The glory of heaven is that God will one day be with His redeemed from all tribes, people and languages who will be singing, “Salvation belongs to our God who sits on the throne, and to the Lamb!” This is good news, my friends, because this means reconciliation, present or future, is not dependent upon you or me ! Do you feel that the weight of reconciliation on your shoulders? Remember God is in control.

Second, the joy of seeing people coming a part of that plan. The great news of this is not only that this is at the heart of God, but also we get to see others live this plan. You as a redeemed sinner, along with your brothers and sisters, are a part of the most glorious story ever: the story of the glory of God among all peoples. And like any good story, it takes time.

I’m currently leading a home group through “Bloodlines” by John Piper. As I reflect, I take joy in an older white sister who grew up in the racist South who desires to see reconciliation in the local church. I take joy in seeing the leadership of my church be intentional about working toward diversity in the leadership, corporate worship, and corporate community. I take joy in hearing of my white brother who is attending the Korean church in hopes of bridging.

As I was talking to Pastor Mark, I take joy in hearing that he has brothers from the Middle East, Africa, Europe, and Asia in the internship program and leadership in his church. He shared with me, “this is reconciliation happening, and praise God for that.” God, in his reconciling work, is moving people from proximity to intimacy, from ethnic representation to ethnic celebration, and from seeing reconciliation as a burden, to seeing it as a gift. Brothers and sisters, what evidences of grace in reconciliation do you see in your lives and churches?
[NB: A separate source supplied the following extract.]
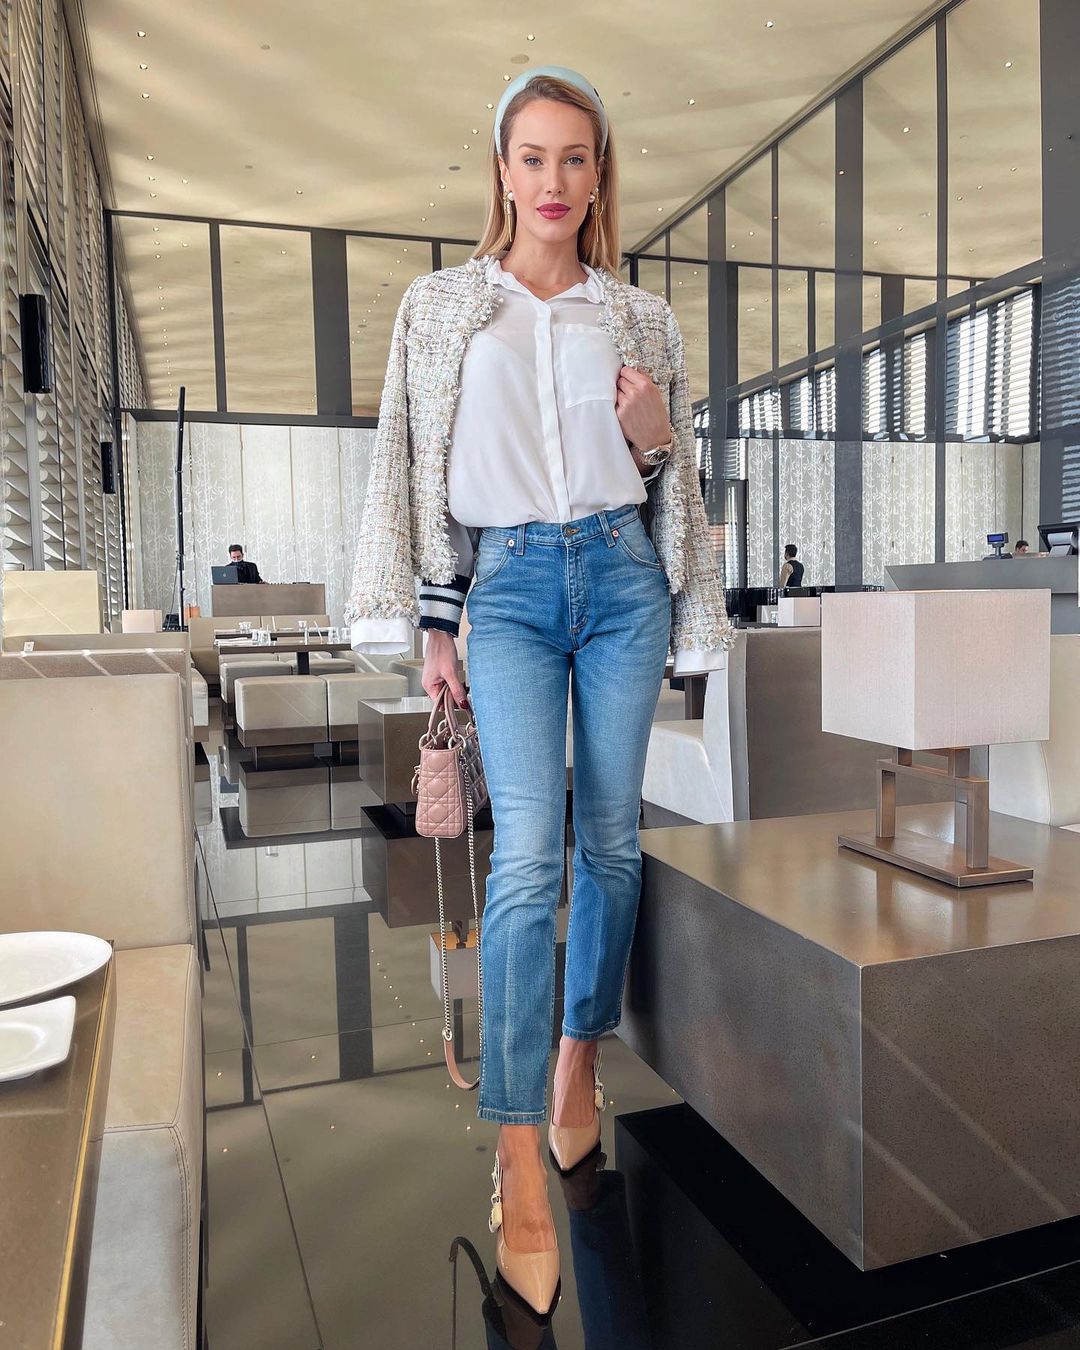 Emporio Armani Caffe and Ristorante, located on the ground floor of the Emporio Armani retail headquarters.  The bar is divided into two sections - the ground floor is a cafe and the upper floor is a fine-dining restaurant and champagne bar.  Photo: @giada_todesco

Take a moment, reflect and thank God for them, and move forward intentionally, knowing that God is bringing people together.

In conclusion, the joy of trusting the sovereign faithfulness of God not apart, but together. Dever notes, “Bible Christianity has always been marked, not by celebrity and ease and immediacy, but by suffering and hard-work and waiting.” This is no less true of our longing for racial reconciliation.

But the great consolation while we are working and waiting is that we get the joy of trusting the sovereign faithfulness of God and we get to do it together. There will be ups and downs. We will get this wrong many times. Some will think we are too fast. Some will think we are too slow. Some are excited. Some are in despair. In the midst of all these things, let us hear the words of God, “Behold, I am making all things new…these words are trustworthy and true.” (Rev. 21:5) Let us remind each other of this. Let us forgive. Let us listen. Let us celebrate each other. Let us invest in one another. Let us move forward.

To him be glory in the church and in Christ Jesus throughout all generations, forever and ever.